● **Input data**:
====================

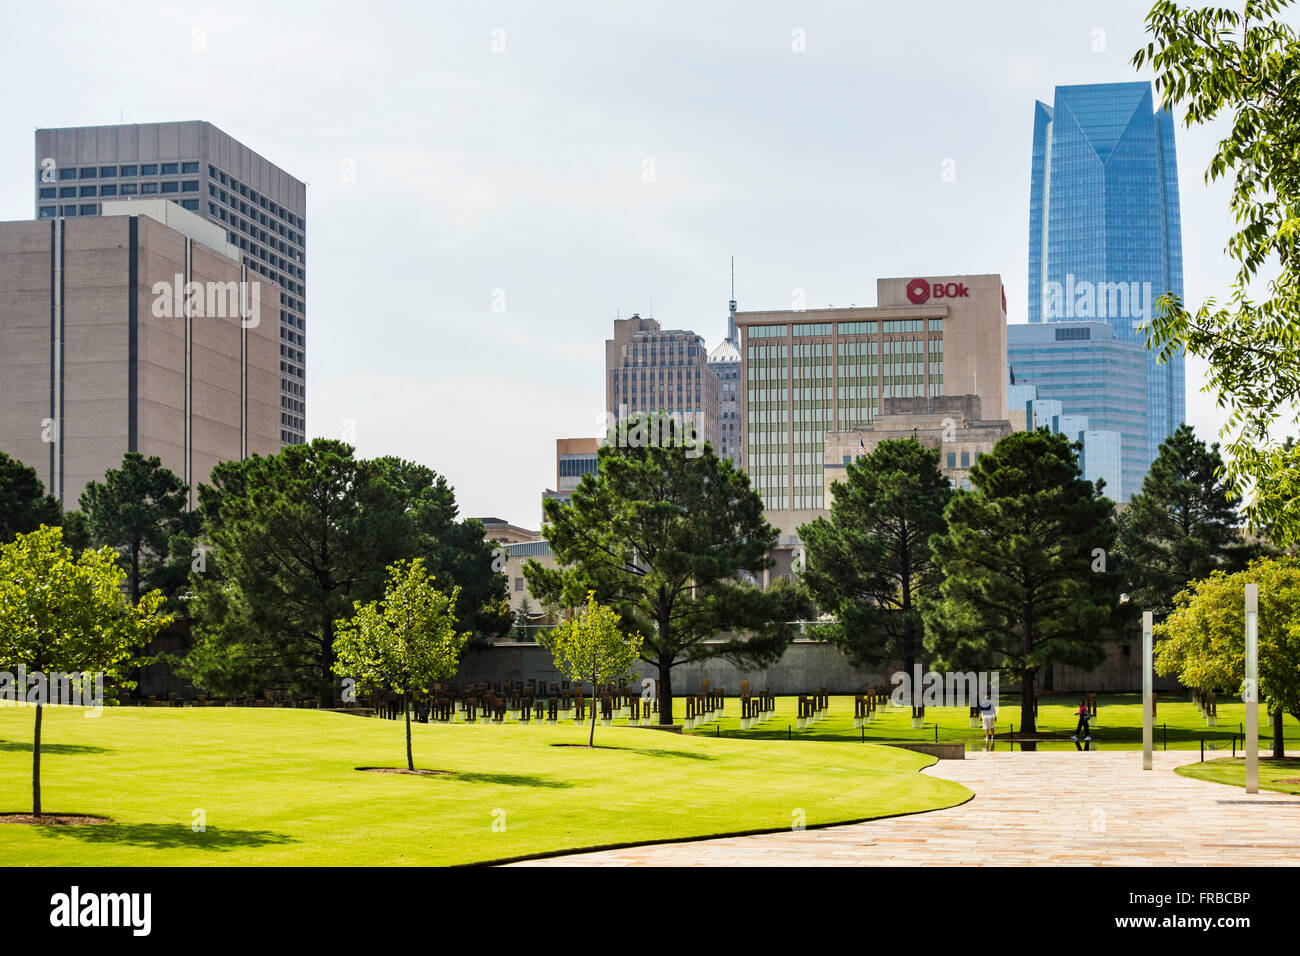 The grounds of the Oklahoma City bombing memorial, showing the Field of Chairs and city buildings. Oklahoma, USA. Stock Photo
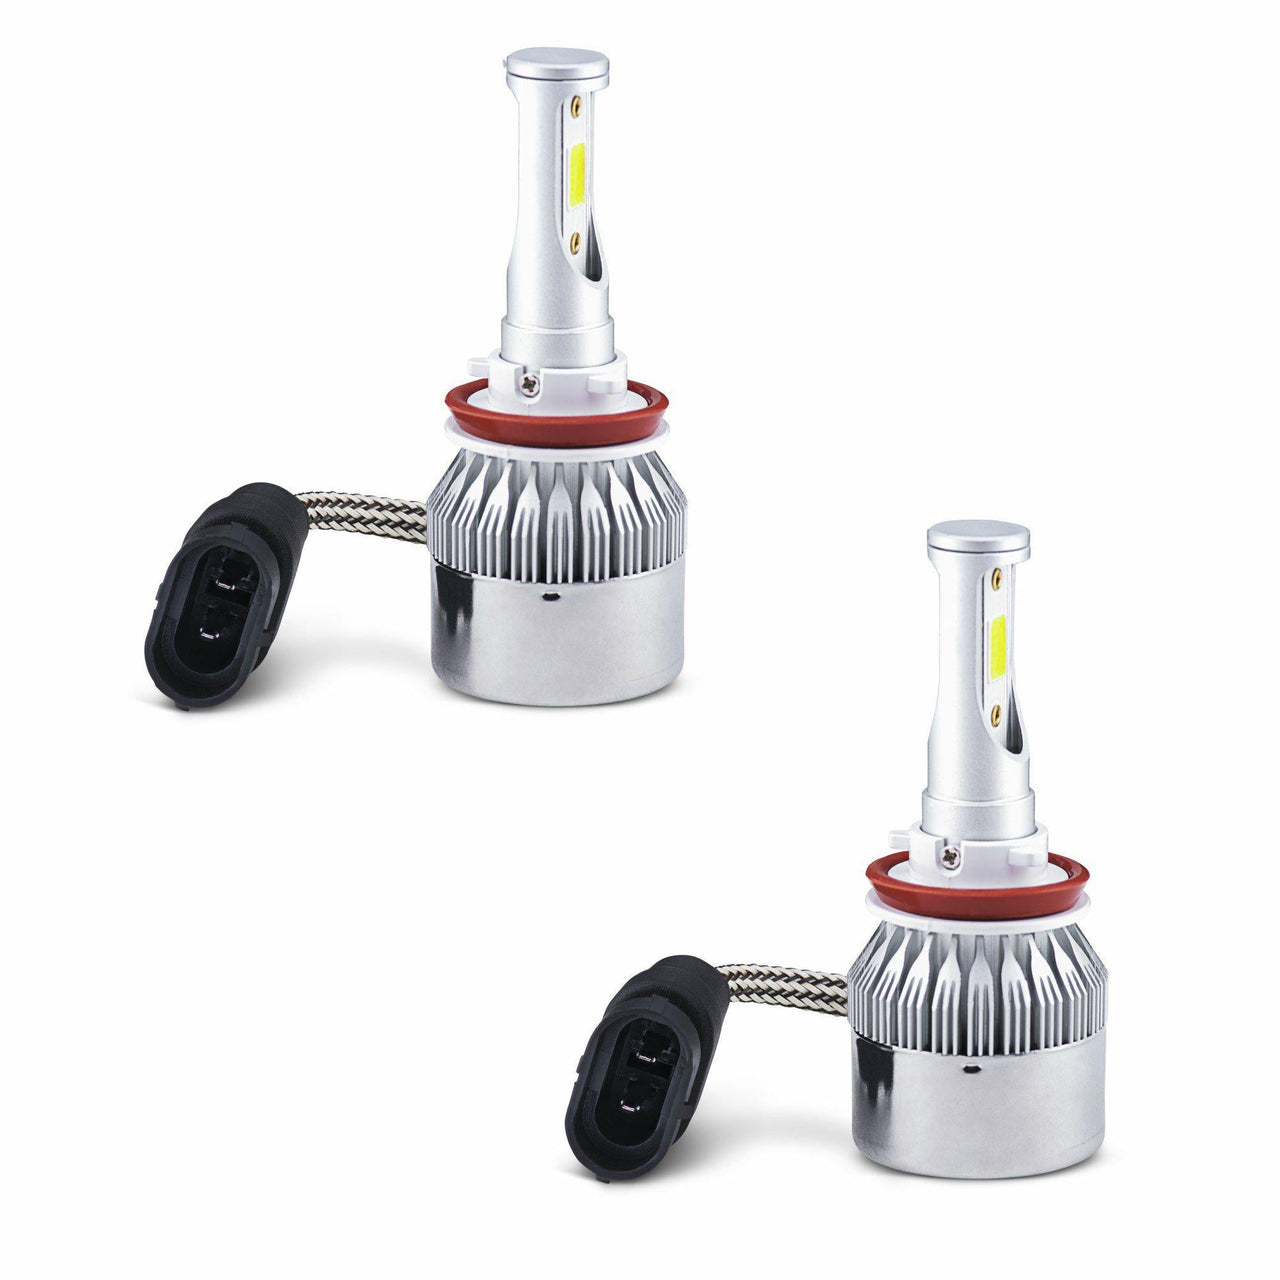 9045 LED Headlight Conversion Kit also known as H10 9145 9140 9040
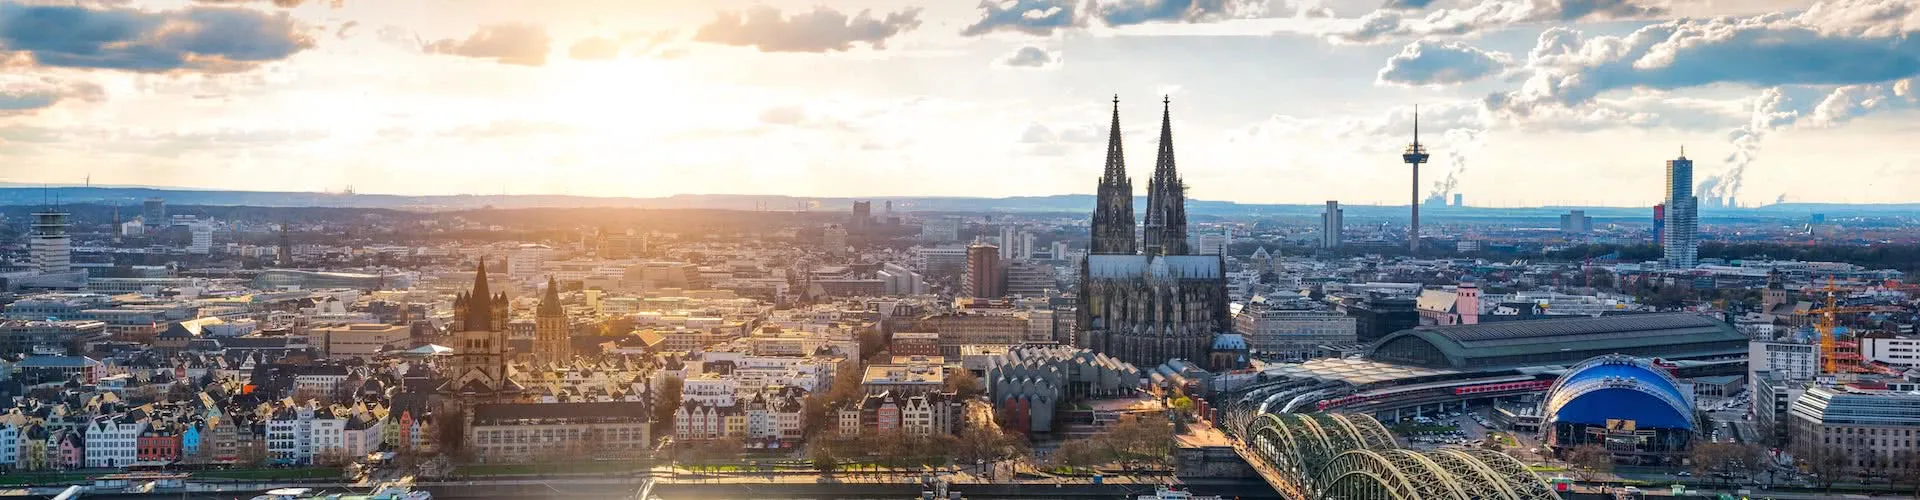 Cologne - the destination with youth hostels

====================

● **Aim of the exercise**:
Restate the whole listing word for word. Omit the pictures.

● **Task solution**:
 The grounds of the Oklahoma City bombing memorial, showing the Field of Chairs and city buildings. Oklahoma, USA. Stock Photo
 9045 LED Headlight Conversion Kit also known as H10 9145 9140 9040
 Cologne - the destination with youth hostels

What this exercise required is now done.